We never seem to admit to ourselves that ISS is a prototype space station. We had never built one before and didn't know how to design a productive space station when we built it. It was our best guess at the time. It's main flaws were too few crew members and infrequent cargo trips up and especially down. The additional crew enabled by crew Dragon has helped, but the the new commercial space station designs will be much better due to lessons learned from ISS.

Richard Brezinski • 9 months ago

'We'.
Russians had built a half dozen. And 4 somewhat different varieties: the original Salyut amalgamated from various pieces, the later Salyuts and Almaz, and Mir.
US had designed and built 2: MOL and Skylab. MOL was only flown unmanned in prototype form.

Brains and Looks • 9 months ago

Run an internet search for Space Station Research Explorer on NASA. It lists all of the research experiments that have been done on the ISS.

O'Neillian • 9 months ago

I would say the assembly was not such a "great achievement" considering if von Braun had been give a few more million dollars to make Skylab a wet workshop, instead of the lesser dry one sent up, we would have launched a larger space station than the ISS in one afternoon on one rocket instead of.....

However, the data on dosing and debilitation was important and this tells us a Near Sea Level Radiation 1 Gravity (NSLR1G) environment is what human beings require to function for long duration missions without career-ending radiation dosing or permanent damage from debilitation.

That data is in and we can now move on.

Richard Brezinski • 9 months ago

You ought to study some history.

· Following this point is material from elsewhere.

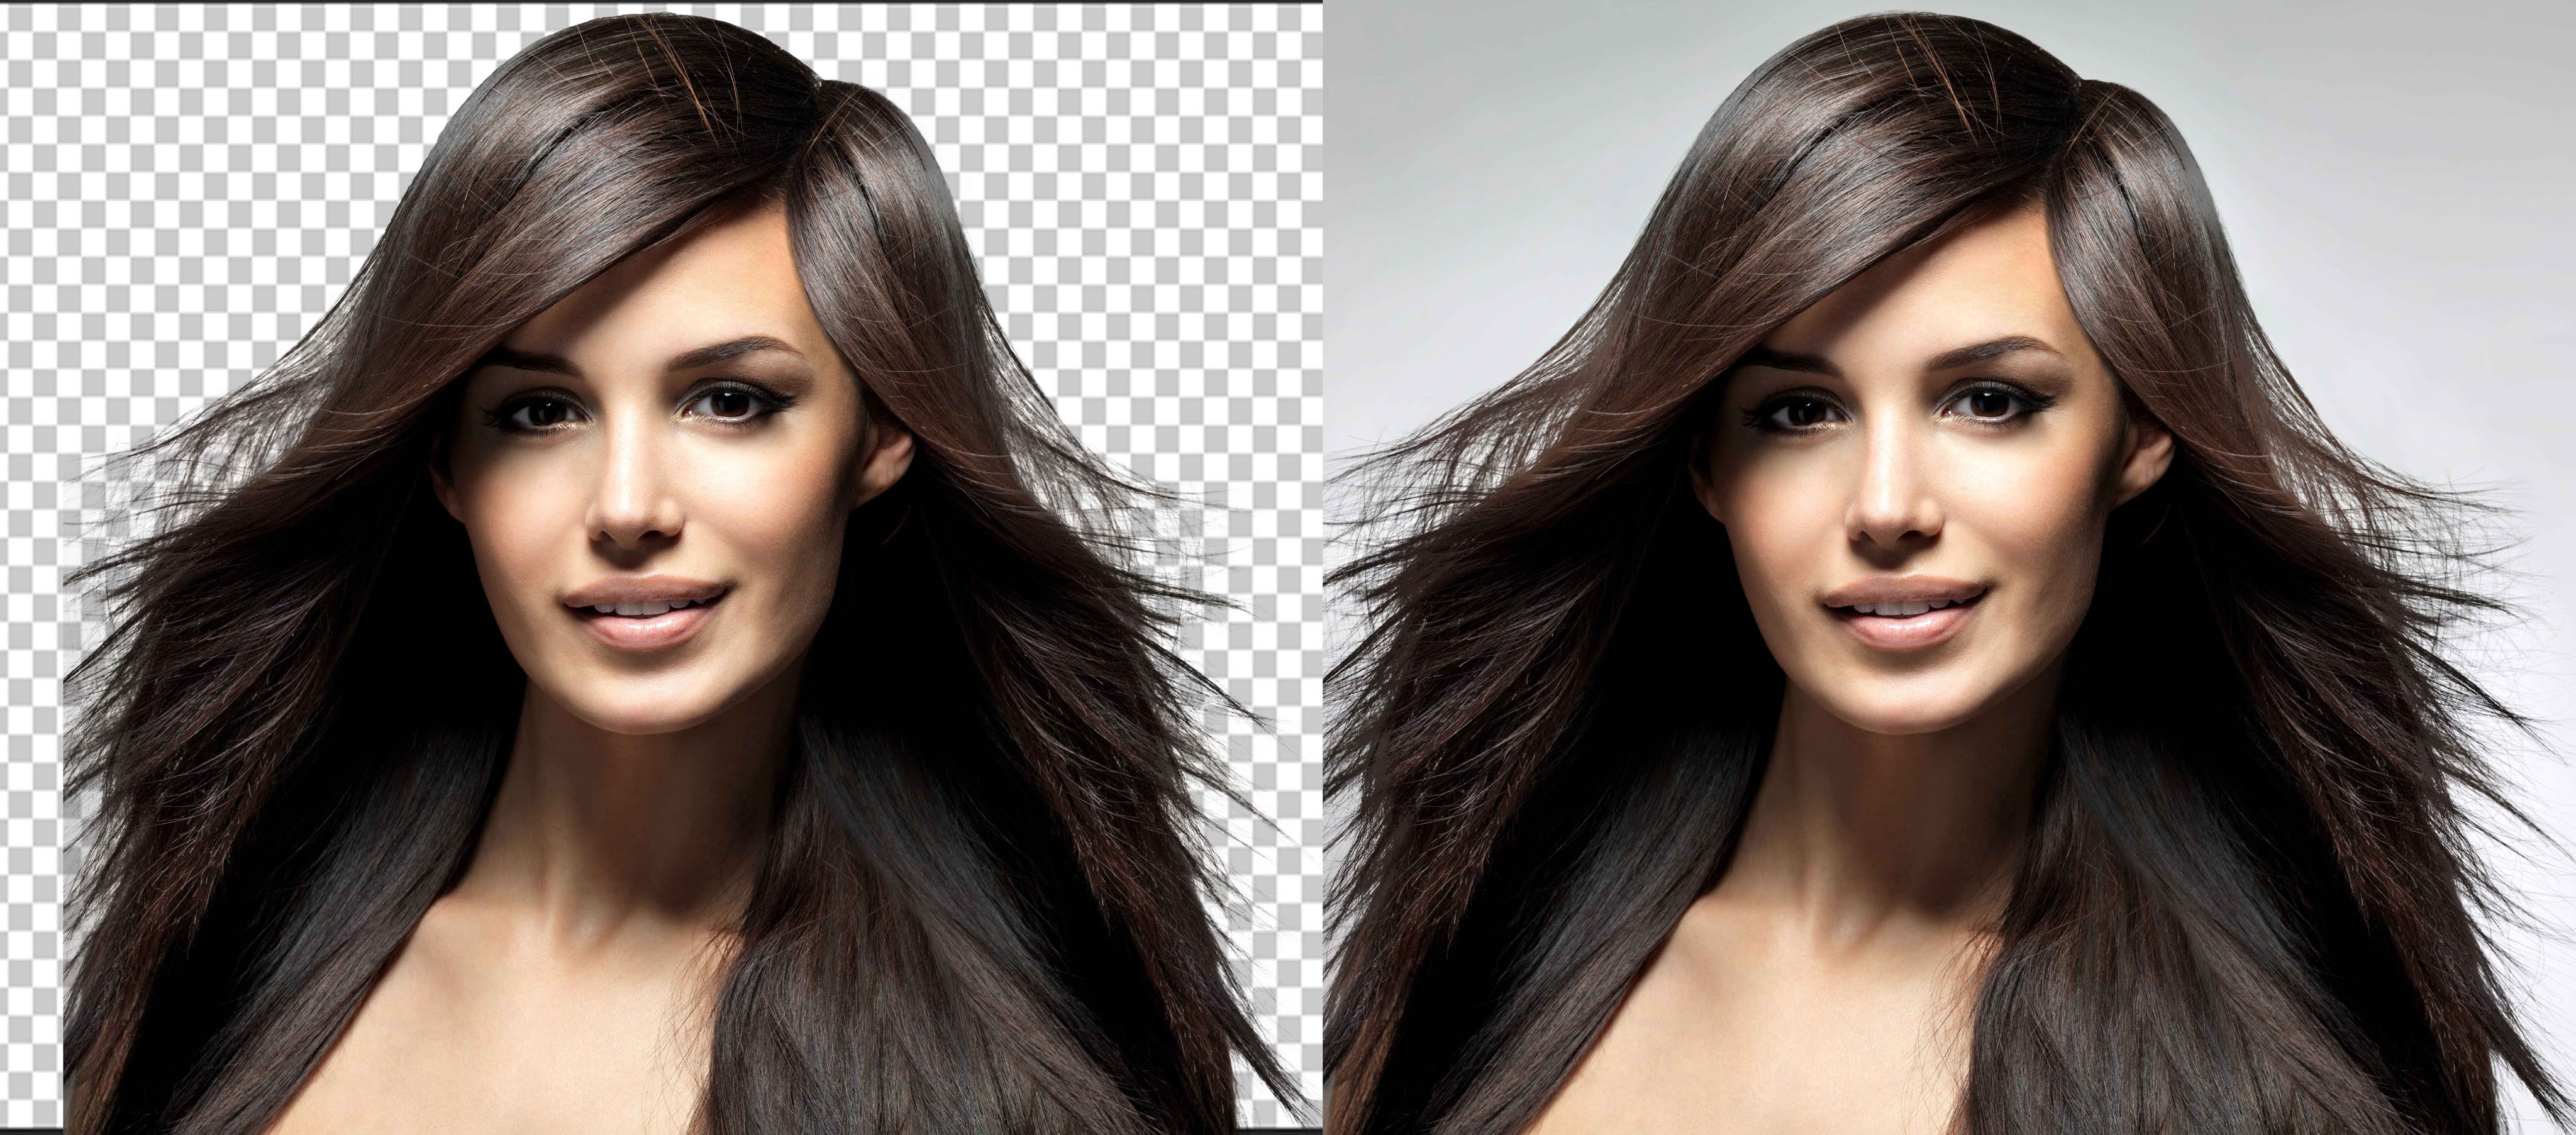 remove background photoshop extension free download

The wet workshop was unworkable, decided so by von Braun himself. And you should study some physiology. No such finding of the need for 1G. The research is wide open on that. And as far as radiation attenuation, shielding needs to be built into the spacecraft. So far you are striking 0 for 3.

TomDPerkins #Omelas • 9 months ago

Also true there is no need for sea level or near seal level irradiation levels. Anyplace now known on Earth where people naturally live untroubled much by radiation is obviously fine from a physiologic standpoint.

Richard Brezinski • 9 months ago

Actually radiation levels in high flying aircraft and in higher elevations are somewhat higher than ground level. I don't think pilots, stewardesses or people dwelling at high altitudes are too concerned about their higher doses.

Brains and Looks • 9 months ago

That's our Gary.

His idea of how space exploration should be pursued is stuck in the sci-fi ideals of 1960s scifi authors like Heinlein, and anything that uses technology developed after about 1968 is just pure evil.

O'Neillian • 9 months ago

Go ahead and cite von Braun stating the wet workshop was "unworkable." I want to see that...really.

And because there is "no such finding of the need for 1G" then why do astronauts suffer debilitation, including permanent damage?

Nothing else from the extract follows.